The unexpected result from this study is the demonstration of strong sequence similarities among rat kidney 5-OPase, the two bacterial hydantoinases, and the yeast protein YKL215C (Fig. 6). YKL215C is a hypothetical protein of 1287 residues encoded by the URA1-RSD1 intergenic region (23). The similarity between this sequence and that of the rat kidney enzyme is sufficiently strong (48.4% identity) to suggest that the yeast protein is also a 5-oxoprolinase. To understand the similarity to the bacterial hydantoinases, a comparison of the 5-oxoprolinase reaction and that catalyzed by the hydantoinases indicates the relationship between the chemical reactions involved (Fig. 7). Both reactions involve the hydrolysis of 5-membered rings via hydrolysis of their internal -CO-NH- bonds. HyuA is specific for D-5-substituted hydantoins, while HyuB is specific for the corresponding L isomers (24, 25). The amino-terminal half of rat kidney 5-oxoprolinase shows 26.6% identity with the amino-terminal region of HyuA, while the carboxyl-terminal half of the rat kidney enzyme shows 25.9% identity with the amino-terminal region of HyuB. These somewhat surprising relationships partially reflect the fact that HyuA and HyuB show no significant sequence similarities to each other (24, 25). Thus it is possible that the rat kidney enzyme evolved from an evolutionary fusion of these functionally similar but structurally different enzymes, or that the hydantoinases arose from an enzyme related to rat kidney 5-oxoprolinase. However, it is relevant that neither HyuA nor HyuB require ATP for ring hydrolysis, in contrast not only to 5-OPase, but also to a different bacterial hydantoinase that cleaves 5-substituted hydantoins (26) as well as to one that cleaves N-methylhydantoins (27). The difference among the bacterial hydantoinases in their requirement for ATP is surprising, and it will clearly be of interest to learn the structural relationship of rat kidney 5-OPase to the ATP-requiring hydantoinases.

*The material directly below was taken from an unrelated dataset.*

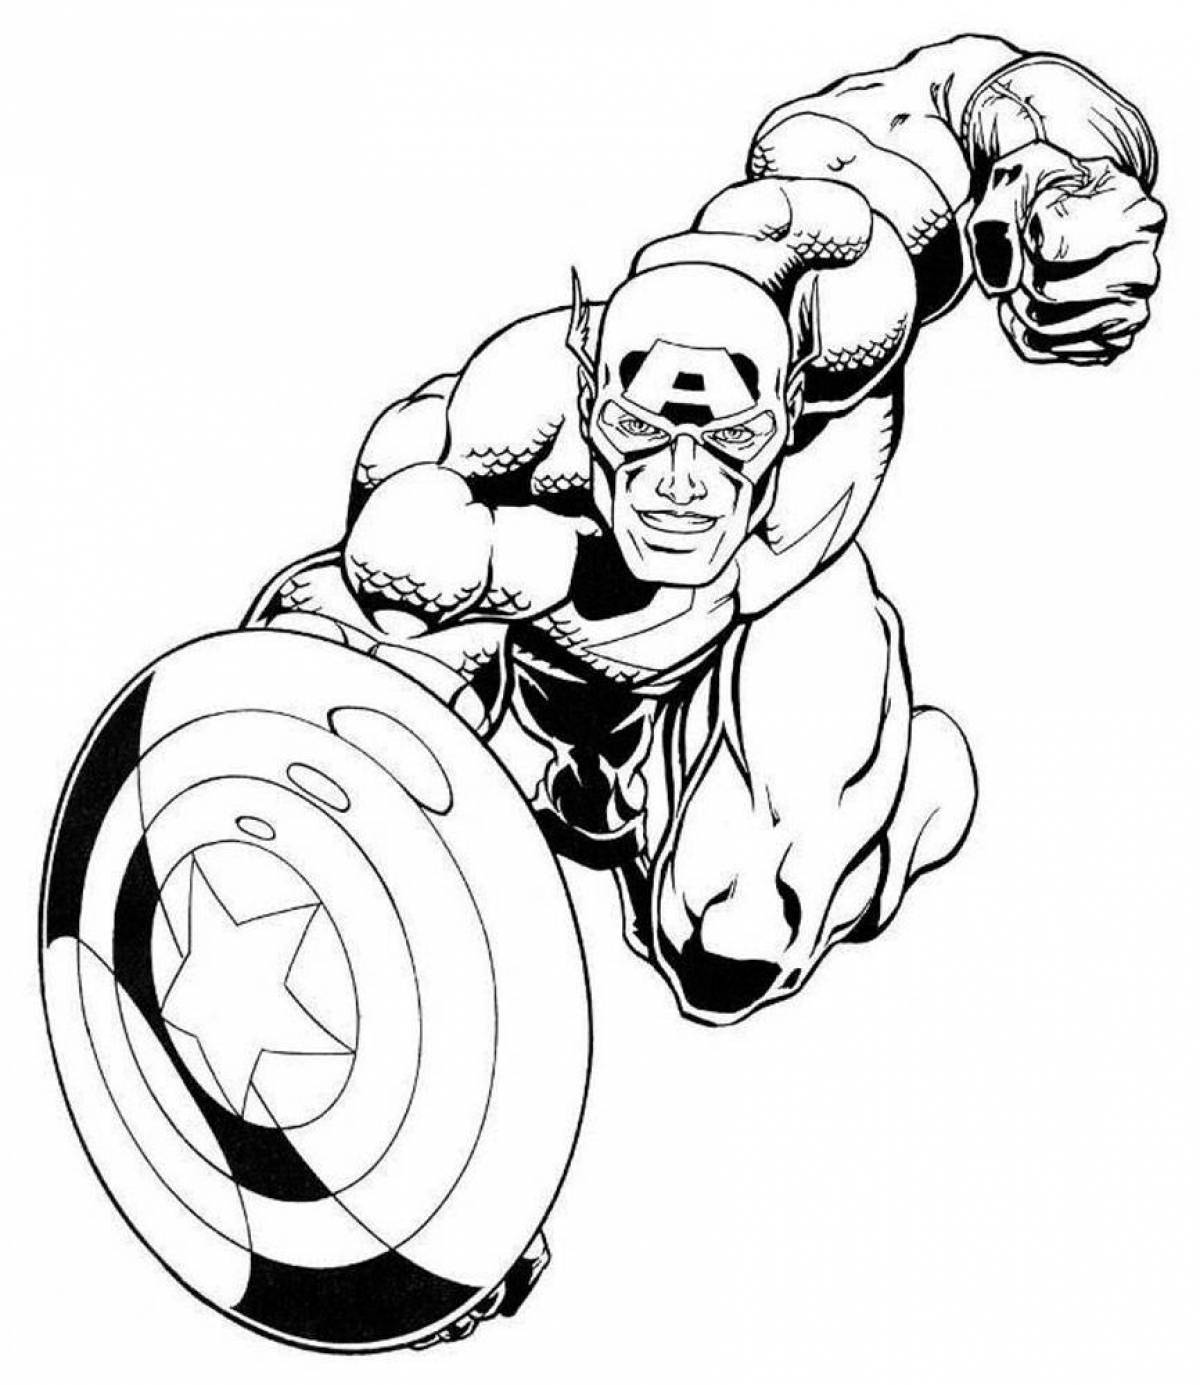 Charming captain america coloring page

The above raises the question of bacterial 5-oxoprolinase. 5-OPase from bacteria (P. putida) (4, 7), unlike that from rat kidney, is composed of two functionally different protein components, Component A and Component B. Neither component alone catalyzes the 5-OPase reaction, but the reaction is effectively catalyzed when the components are mixed. Component A is composed of two subunits, M_r = 65,500 and 50,000, and exhibits 5-oxo-L-proline-dependent ATPase activity, indicating this component can interact with both ATP and 5-oxo-L-proline. The role of Component B (M_r = 80,000) is uncertain, since it does not exhibit ATPase activity, and there is no evidence that it binds 5-oxo-L-proline. Of relevance here is the fact that the antiserum directed against the rat kidney enzyme strongly reacts with an E. coli component of ~60 kDa (Fig. 5B), suggesting that this component might be a subunit of E. coli 5-OPase Component A and raising the question of homology between the rat kidney and bacterial 5-oxoprolinases and the relationship of the bacterial 5-oxoprolinases to the bacterial hydantoinases. The sequence of bacterial 5-oxoprolinase will be an important clue in this evolutionary puzzle.